The village of Pamaho affords a typical instance. Four miles to
the south from the Wapsipinicon River on the crest of a hill, a site
for a town was selected. For a number of years the people who lived
in the three or four cabins called the place of their residence
Pamaho. On account of the pleasant location the name was afterward
changed to Fairview. In the fifties the town began growing and
though handicapped by possessing no water power the rich
agricultural region promised steady development.
But the builders of railroads neglected Fairview and the
promise was never fulfilled. Without transportation the village has
died. Many houses that border the road are deserted and almost all
are in sad need of repair. The lawns have been seeded to rag weeds
and dandelions. Cornfields overrun the old gardens. Here and there
an old house has been left to decay: with the window panes broken,
the clapboards awry, and the roof fallen in, its appearance is well
nigh sepulchral. The silence that broods over the village seems to
indicate plainly that the people have all gone away. Throughout the
whole settlement not a person is stirring. No busy housewife is
hanging out clothes or sweeping the porch, no gardener looks up from
his hoeing, no loafer is sauntering storeward, no children scamper
hither and thither, and even the pigs and the chickens keep out of
sight. Long years have elapsed since the side streets resounded with
clattering hoofs and the rattle of buggy wheels. Those wheels are
now mounted on posts at the street intersections where they serve
the convenience of the rural mail carrier. The post office that was
maintained for sixty-four years has been discontinued for nearly two
decades.
No one would imagine that the church is in use: the tall grass
in the yard is untrampled and the windows have a vacant expression.

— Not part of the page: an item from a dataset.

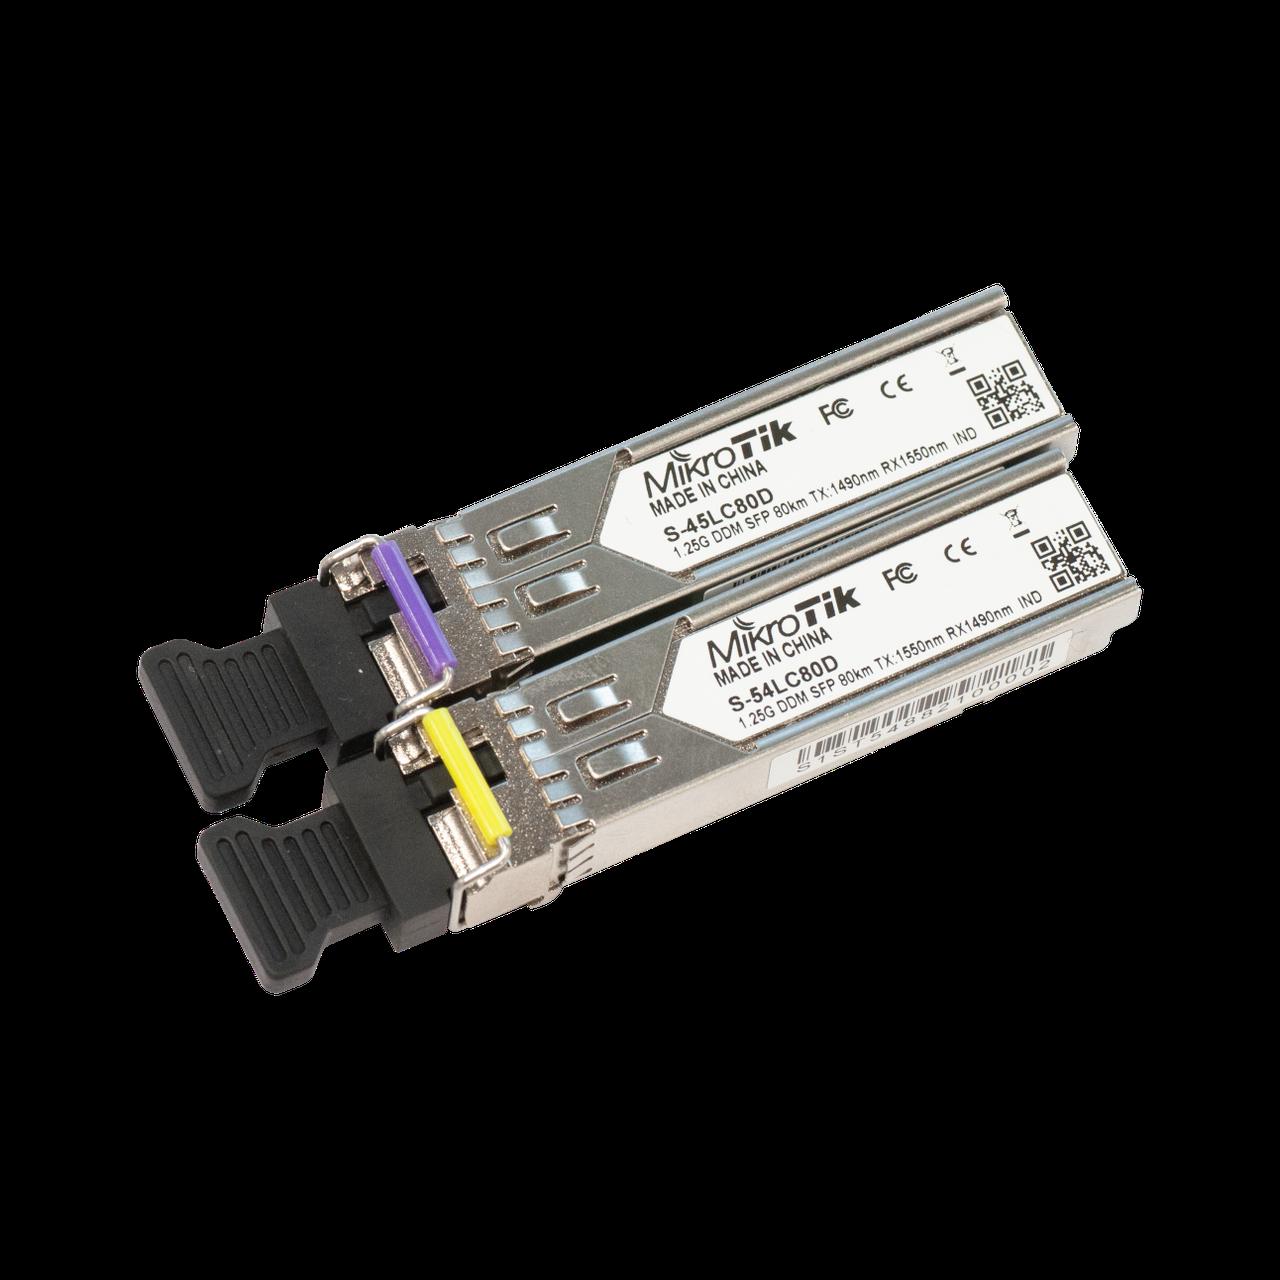 Пара модулей Mikrotik SFP оптический, 1.25G, дальность до 80км, 1490/1550нм

The school house, which at one time was no doubt a model, now seems
to be outgrown and deserted. The bustle of business in the "Fairview
Store" is a thing of the past. The board awning that once shaded the
windows is falling away and its function is performed by numerous
cobwebs. Not even a garage is maintained in the village. As the
curious traveler now seeks the lost site of Bowen's Prairie and
Ivanhoe, so before long Fairview will be gone.

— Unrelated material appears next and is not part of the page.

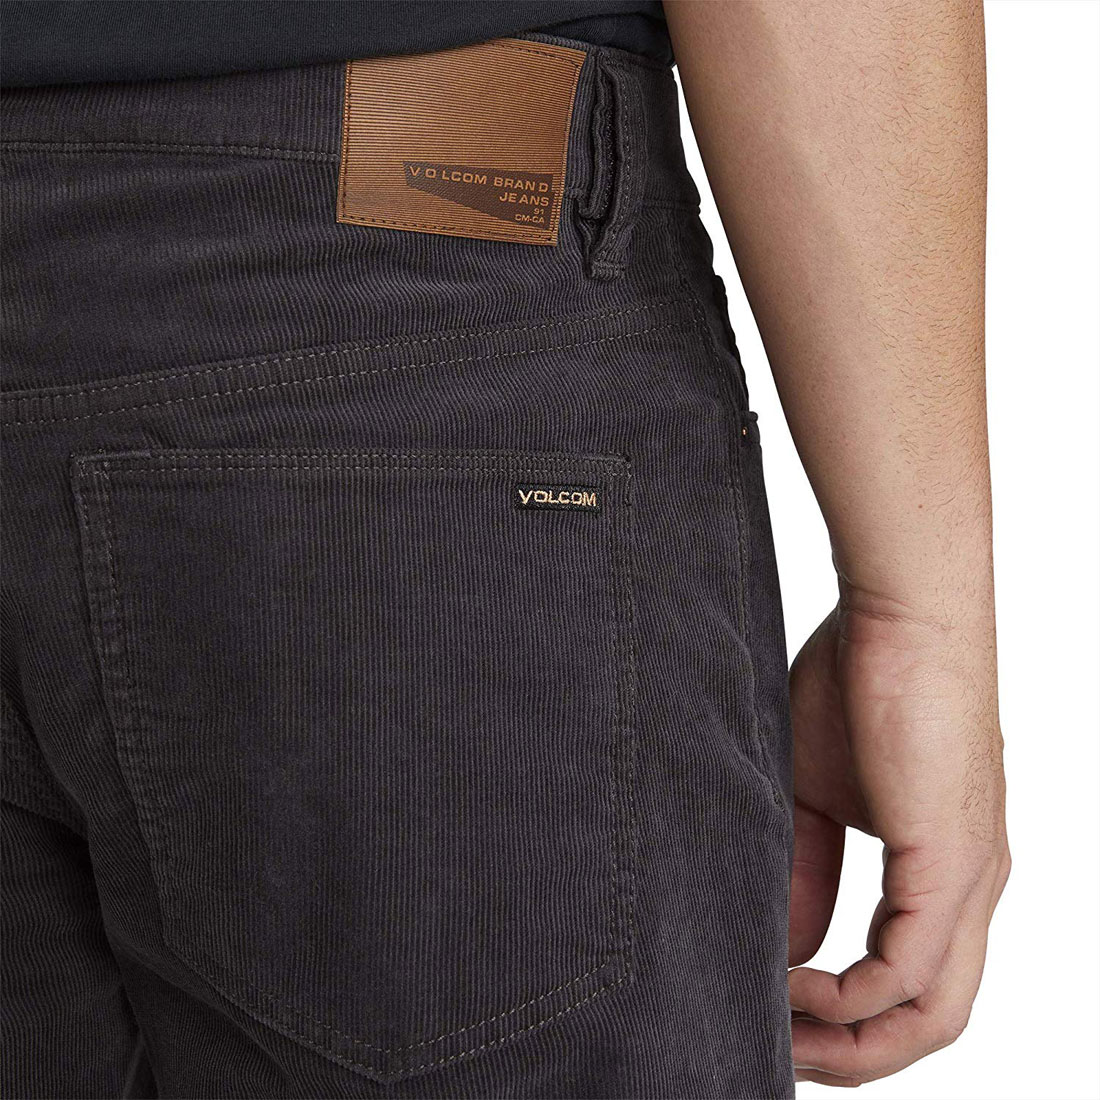 Volcom Para Hombre Calce Moderno Solucionador De Bolsillo Pantalones De Pana Asfalto Negro Calce Moderno Ebay

It was noon on the fourth day of our pilgrimage. For
eighty-five miles we had followed the path of the famous old furrow.
Only the route is the same, we were thinking. The landscape, the
methods of travel, the habits of living—all are changed and little
remains of the past. Then away to the left far over the hill tops we
caught a glimpse of the gleaming slate roof of New Melleray Abbey.
All is changed, were we saying? Ah, no! Within yonder walls men are
living today by the old sixth century rule of Saint Benedict.
Ten miles from Dubuque over a macadamized stretch of the Old
Military Road and two miles through a beautiful forest that has been
set apart for a State game preserve, these pious monks live in
seclusion. Afar from the turmoil and strife of modern life they
quietly read the Lives of the Saints and follow the customs that
have prevailed in all Trappist Abbeys. In summer and winter, fair
weather or foul, they arise from their straw ticks at two o'clock in
the morning and spend two hours in prayer. Then an hour and a half
is devoted to mass before breakfast. They work in their fields until
nearly noon, then they sleep until two. An hour is allotted for
dinner. The rest of the day is consumed in deep meditation and
reading. At seven o'clock they retire.
By an ancient rule of Saint Benedict the brothers are forbidden
to speak. Only by special permission are any allowed to converse.
Their clothing consists of a long gown of brown wool: rough serge is
worn next to the skin. Bread, rice, and potatoes are their principal
diet: they never eat meat. The farm land, the buildings, and the
thoroughbred live stock are all owned in common.
It was after two when we bade adieu to the old monastery, and
the sun was just disappearing when we entered Dubuque. Behind us the
curtain of darkness was falling over a hundred miles of the famous
old highway replete with the memories of former times, and before us
the lights of Hotel Julien Dubuque awakened no thought of Tim
Fanning's tavern. We had arrived at the end of the trail.